*** Block opens ***
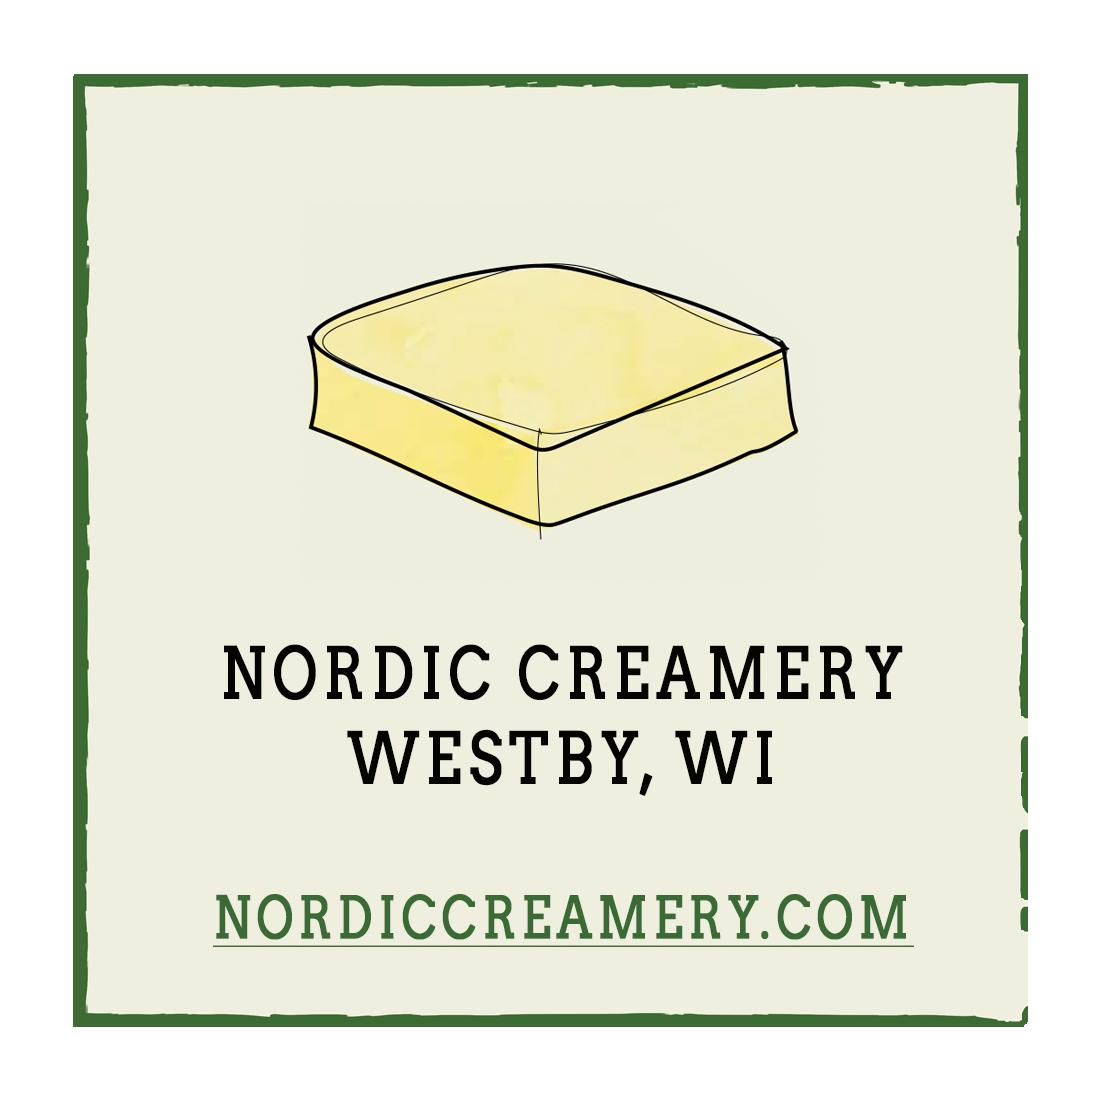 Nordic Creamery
*** Block closes ***
*** Block opens ***
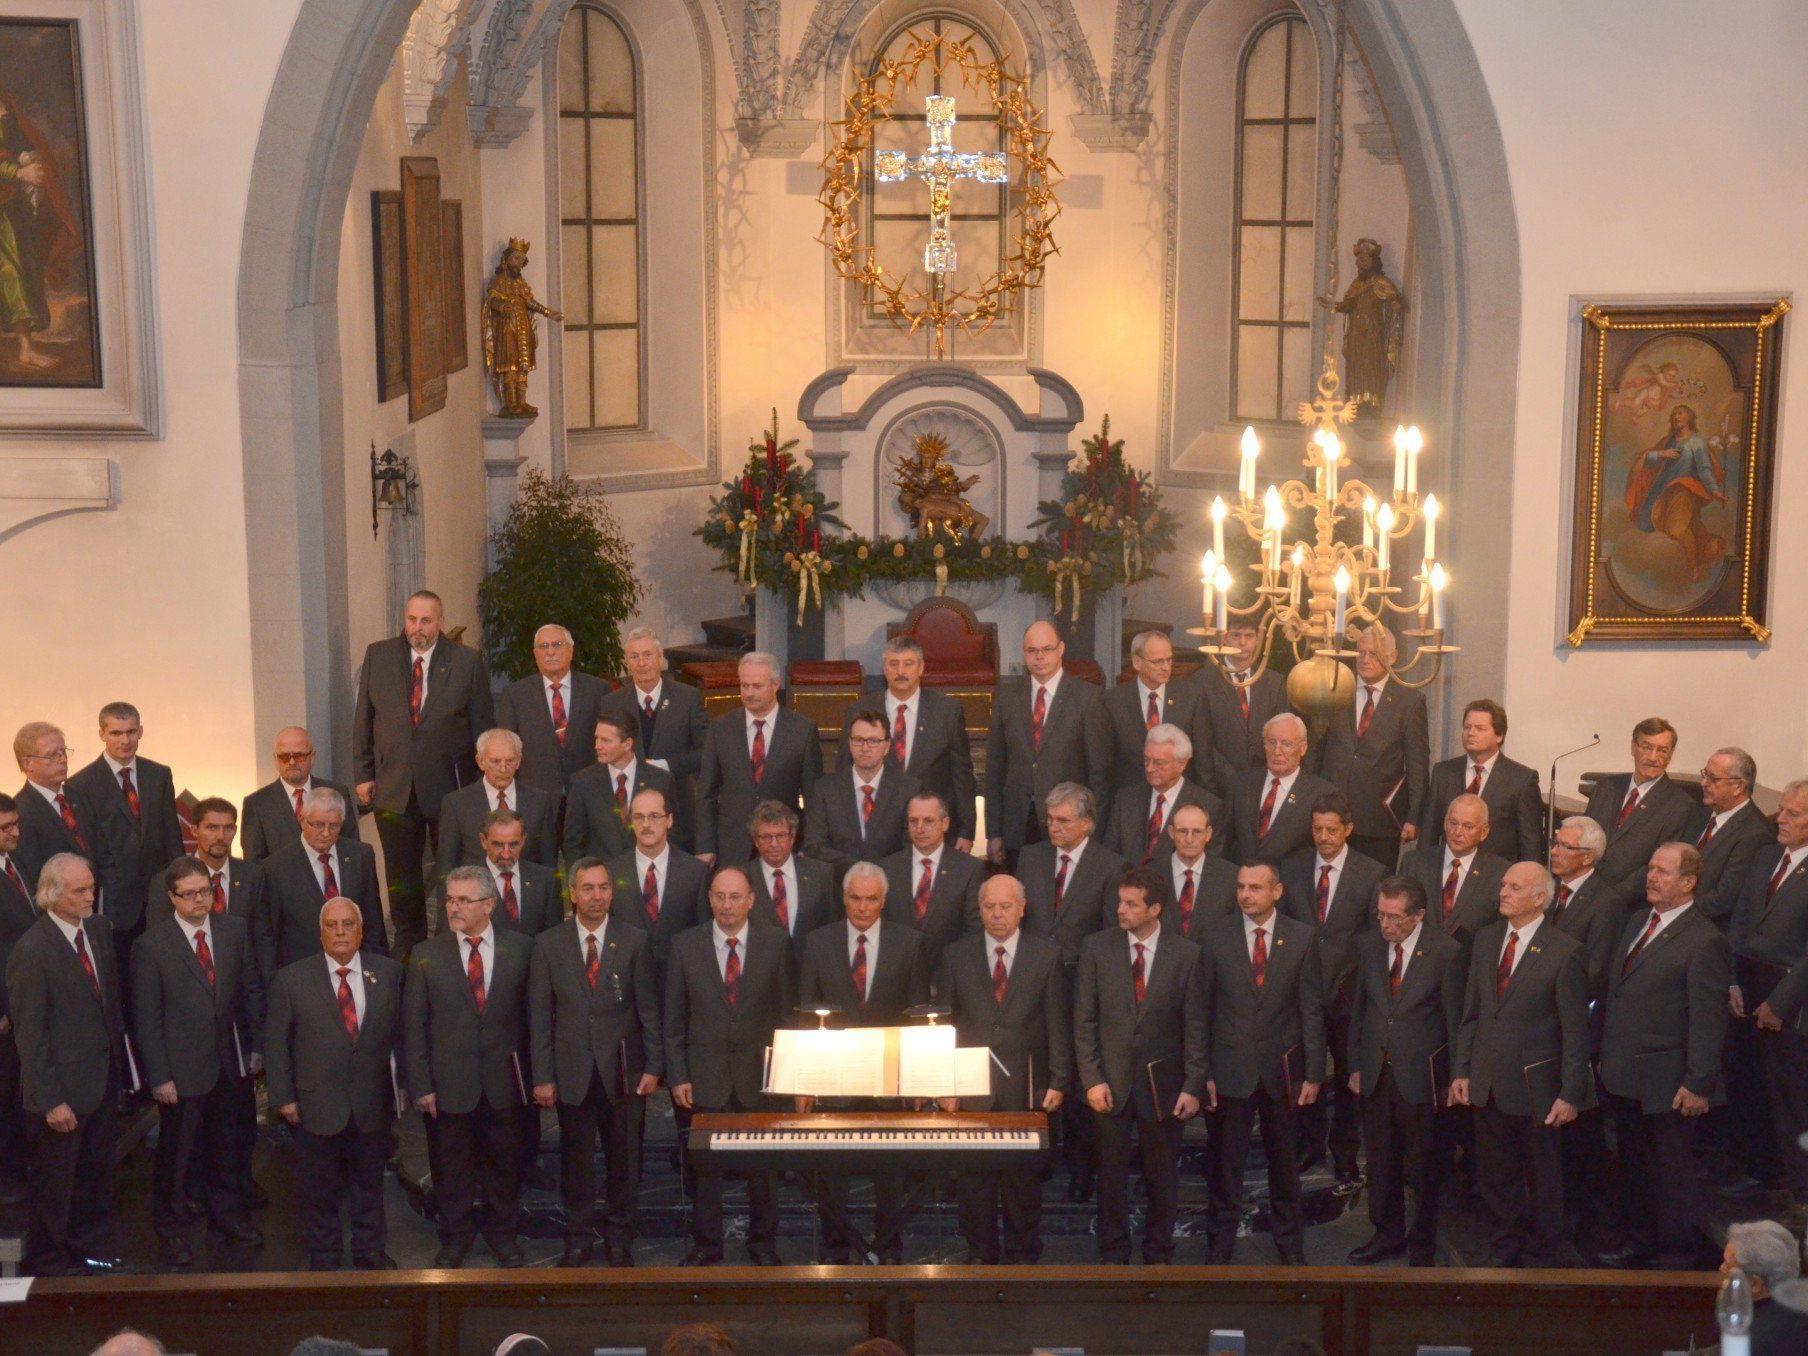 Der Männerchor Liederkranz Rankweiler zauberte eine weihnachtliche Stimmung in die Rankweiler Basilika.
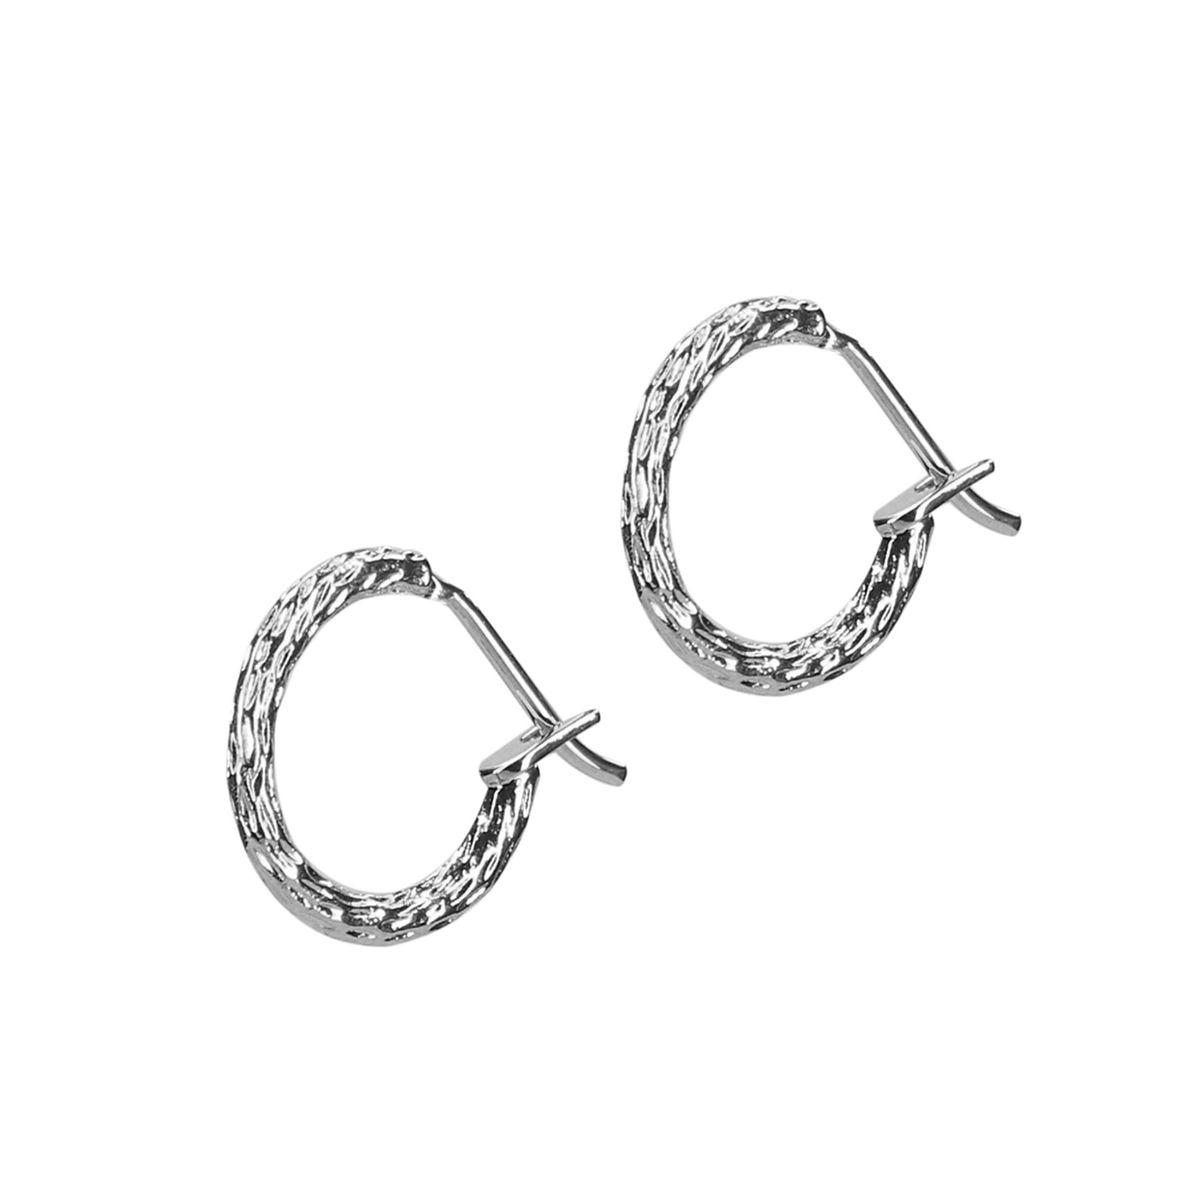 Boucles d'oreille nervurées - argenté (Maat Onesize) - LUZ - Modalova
*** Block closes ***
### What is needed
Exact copy, no pictures. Write out the lines in the entries above, starting with the line with "Der Männerchor Liederkranz" and going on through the line with "Boucles d'oreille nervurées", keeping both.

### Reply
 Der Männerchor Liederkranz Rankweiler zauberte eine weihnachtliche Stimmung in die Rankweiler Basilika.
 Boucles d'oreille nervurées - argenté (Maat Onesize) - LUZ - Modalova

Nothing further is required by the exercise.